> [DESCRIPTION OF THE TASK]
Everything from the line with "IMG 1588 1 - Amarantusowy omlet z owocami" to the last line of the listing must be retyped exactly, both ends included, with the pictures dropped.

> [EXERCISE DATA]
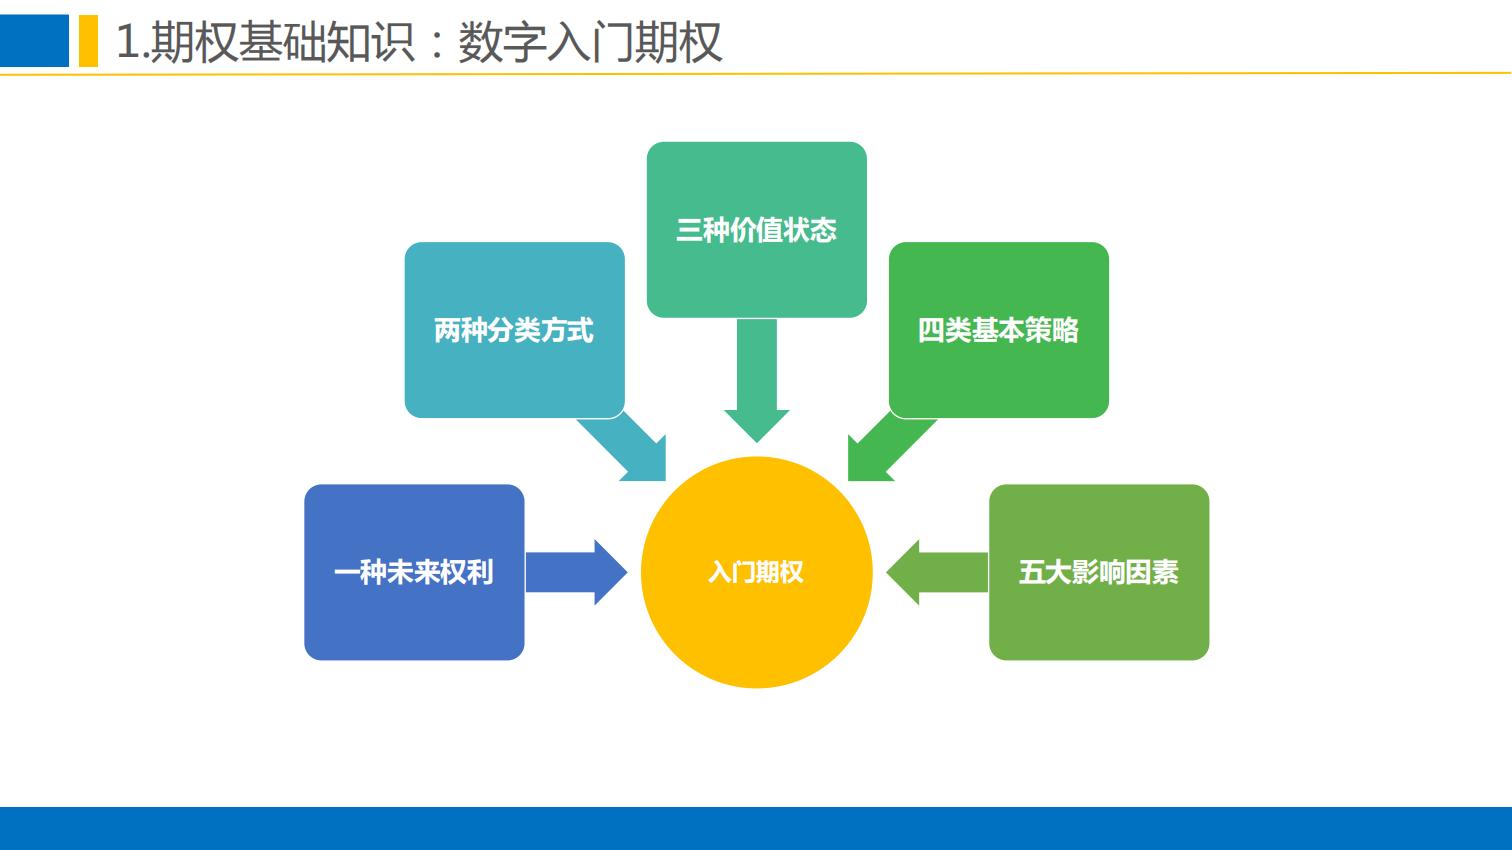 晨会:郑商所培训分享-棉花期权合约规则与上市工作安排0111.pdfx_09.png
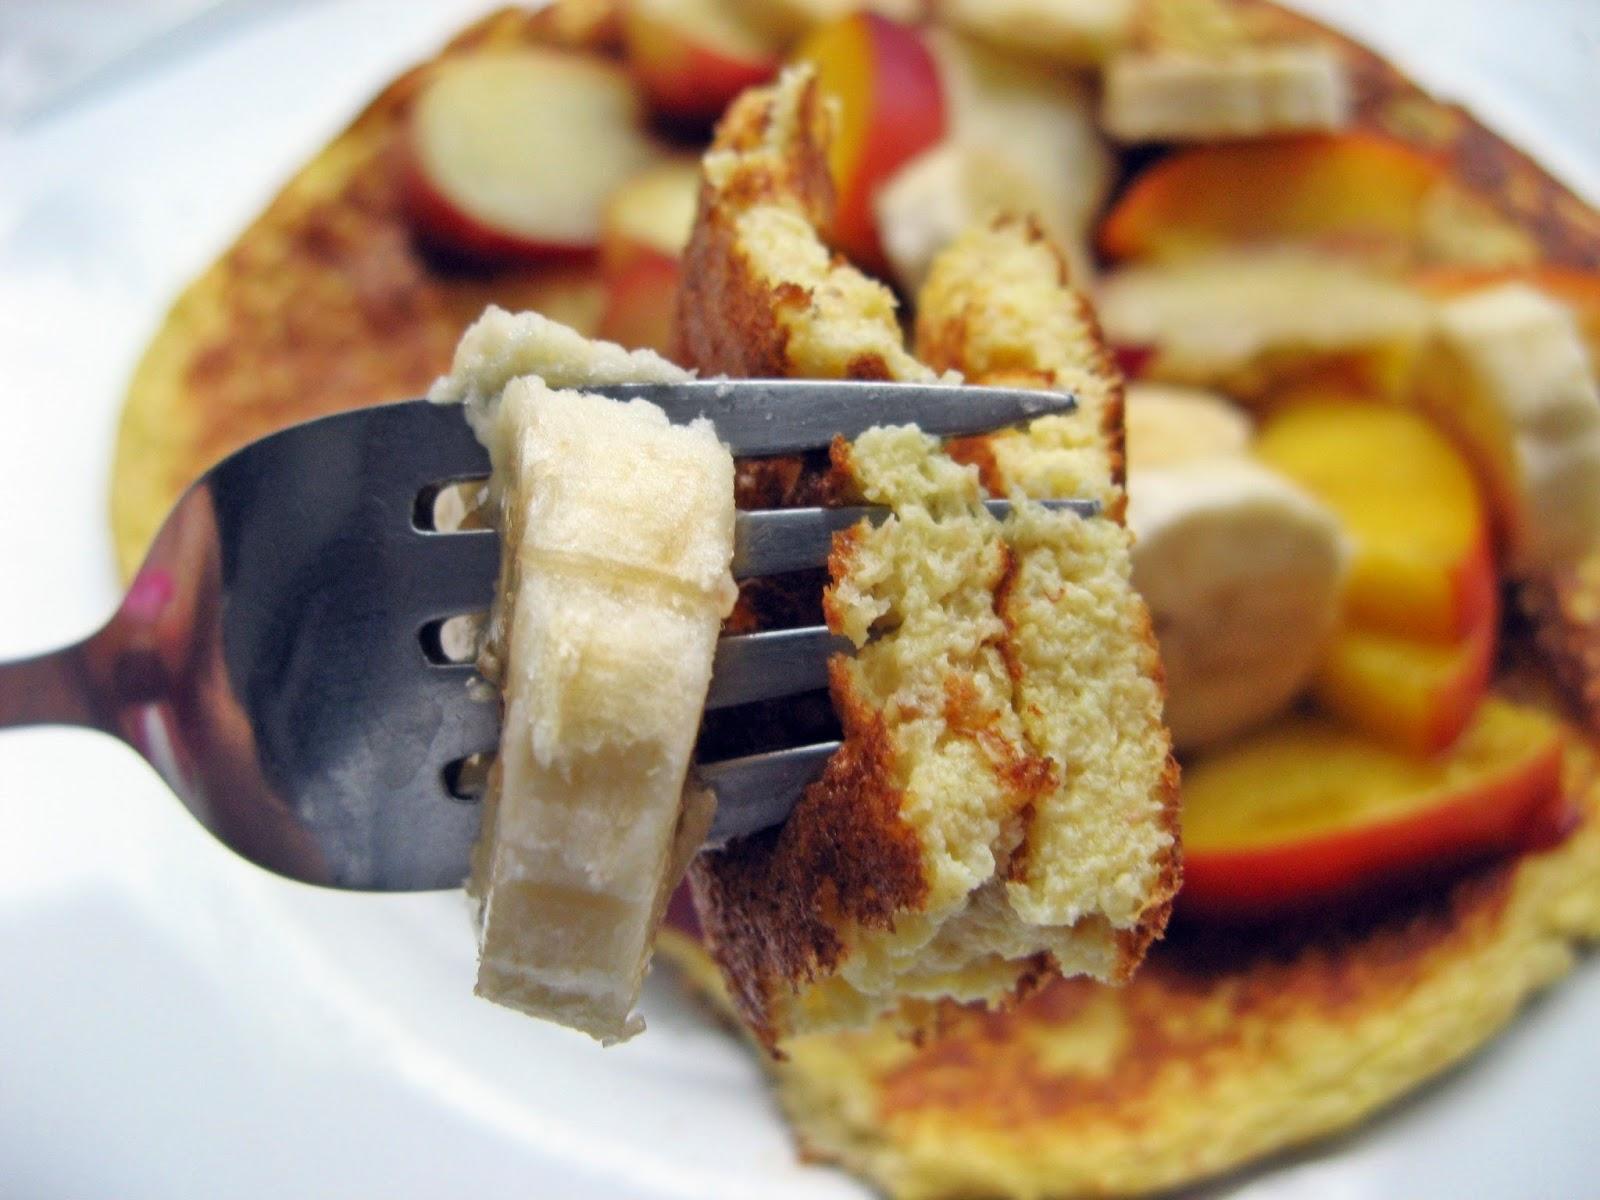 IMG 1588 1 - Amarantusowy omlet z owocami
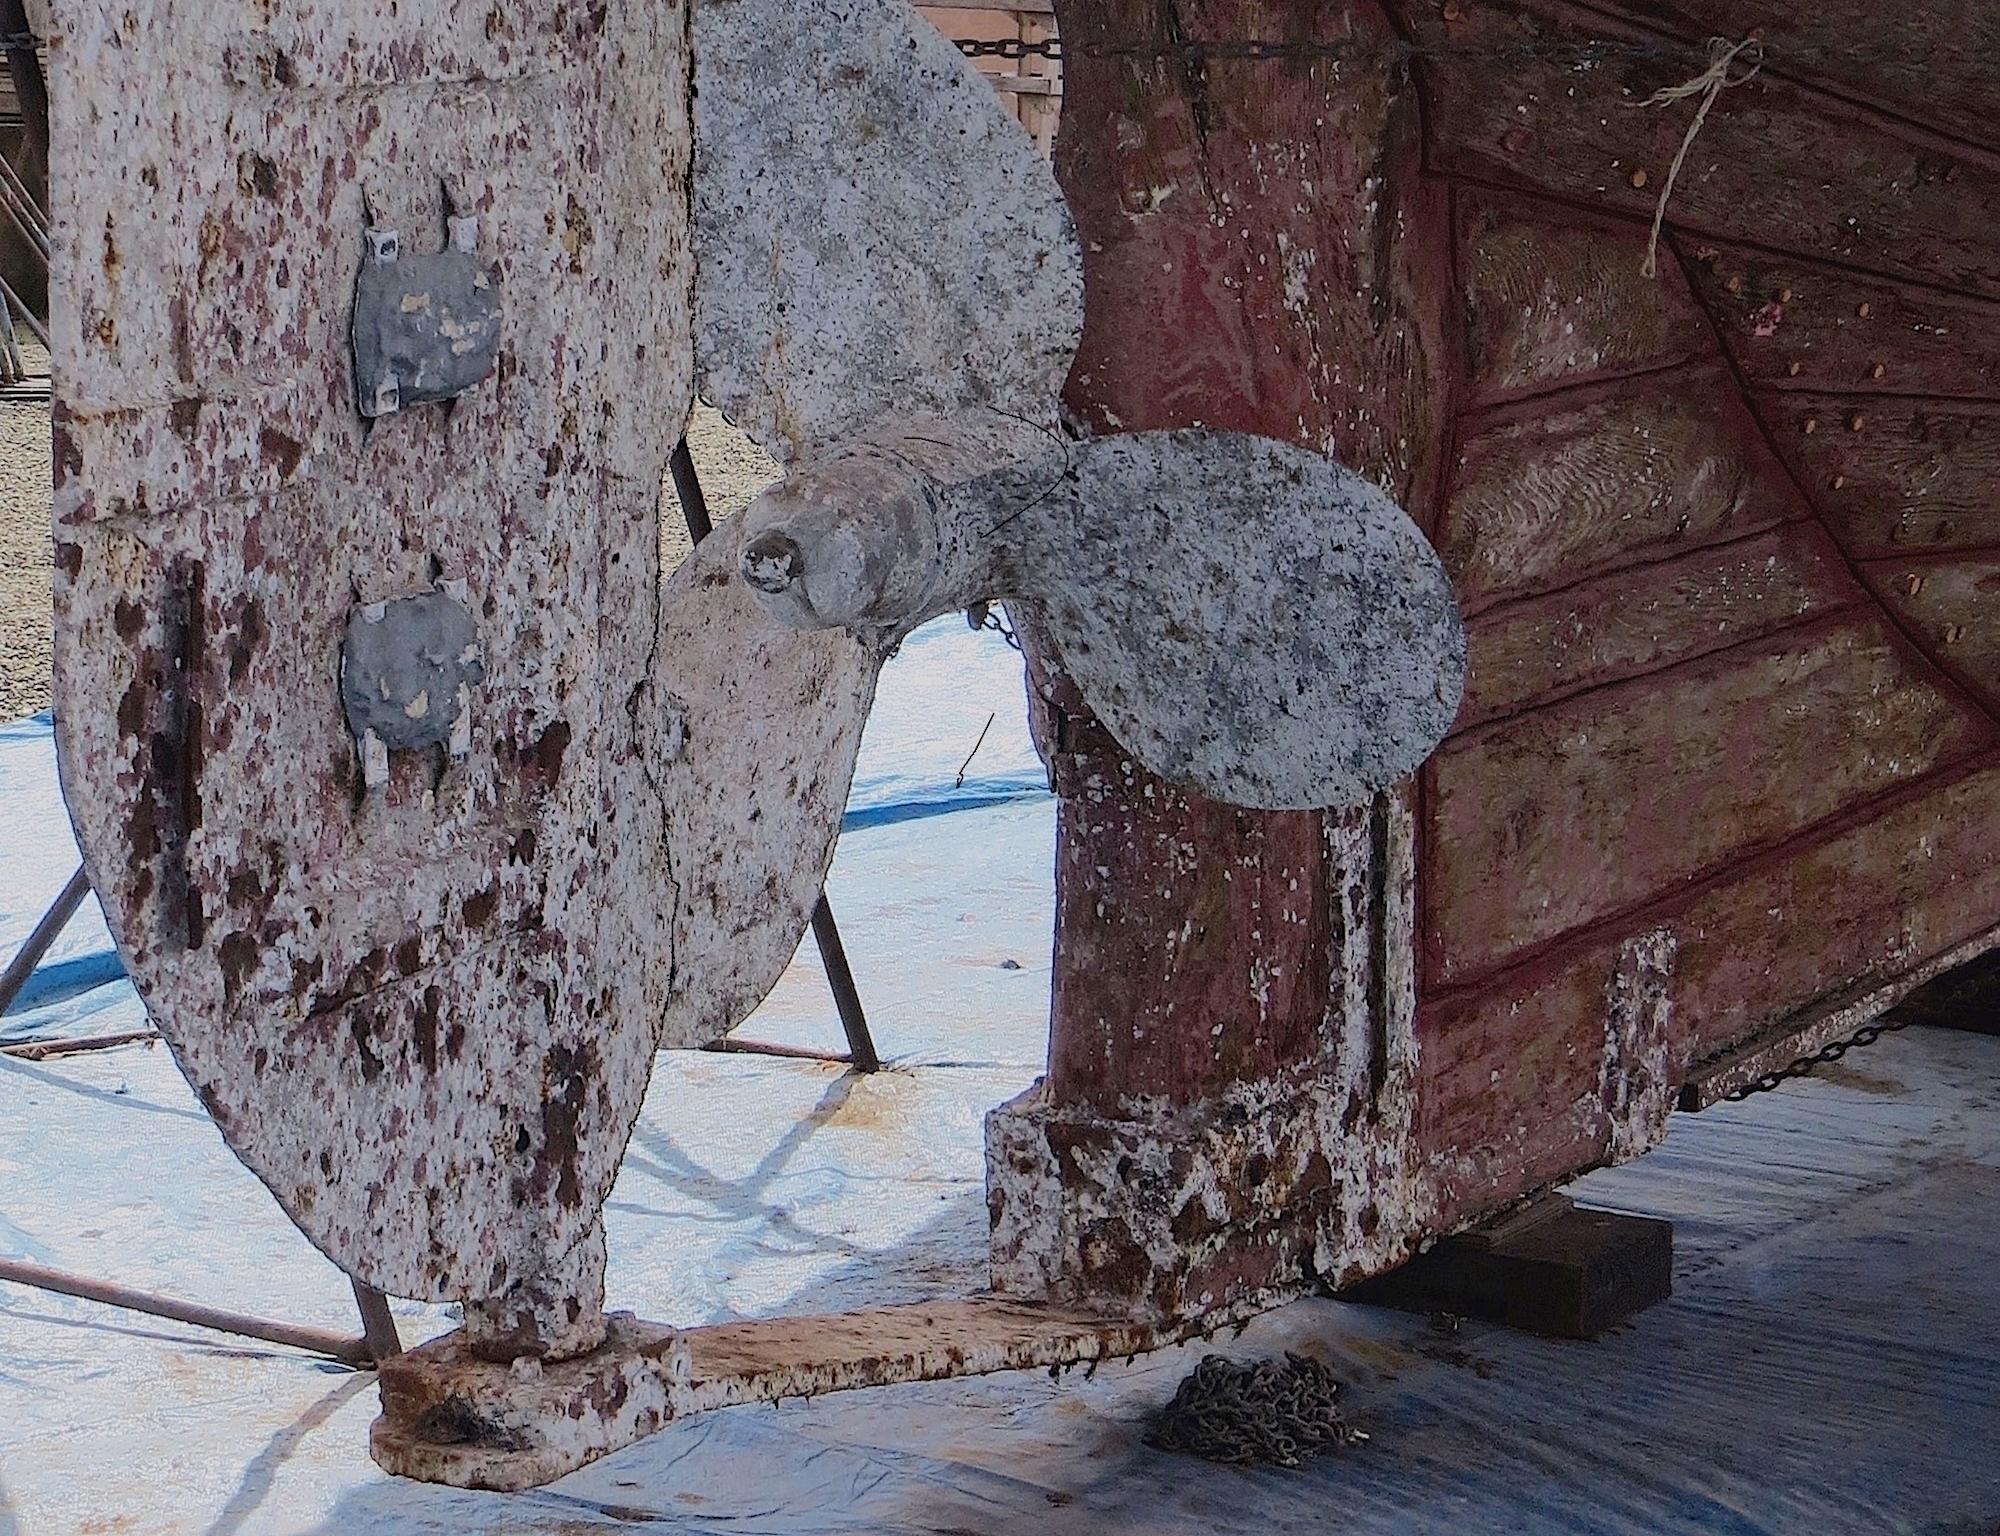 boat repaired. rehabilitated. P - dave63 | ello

> [SOLUTION TO THE EXERCISE]
 IMG 1588 1 - Amarantusowy omlet z owocami
 boat repaired. rehabilitated. P - dave63 | ello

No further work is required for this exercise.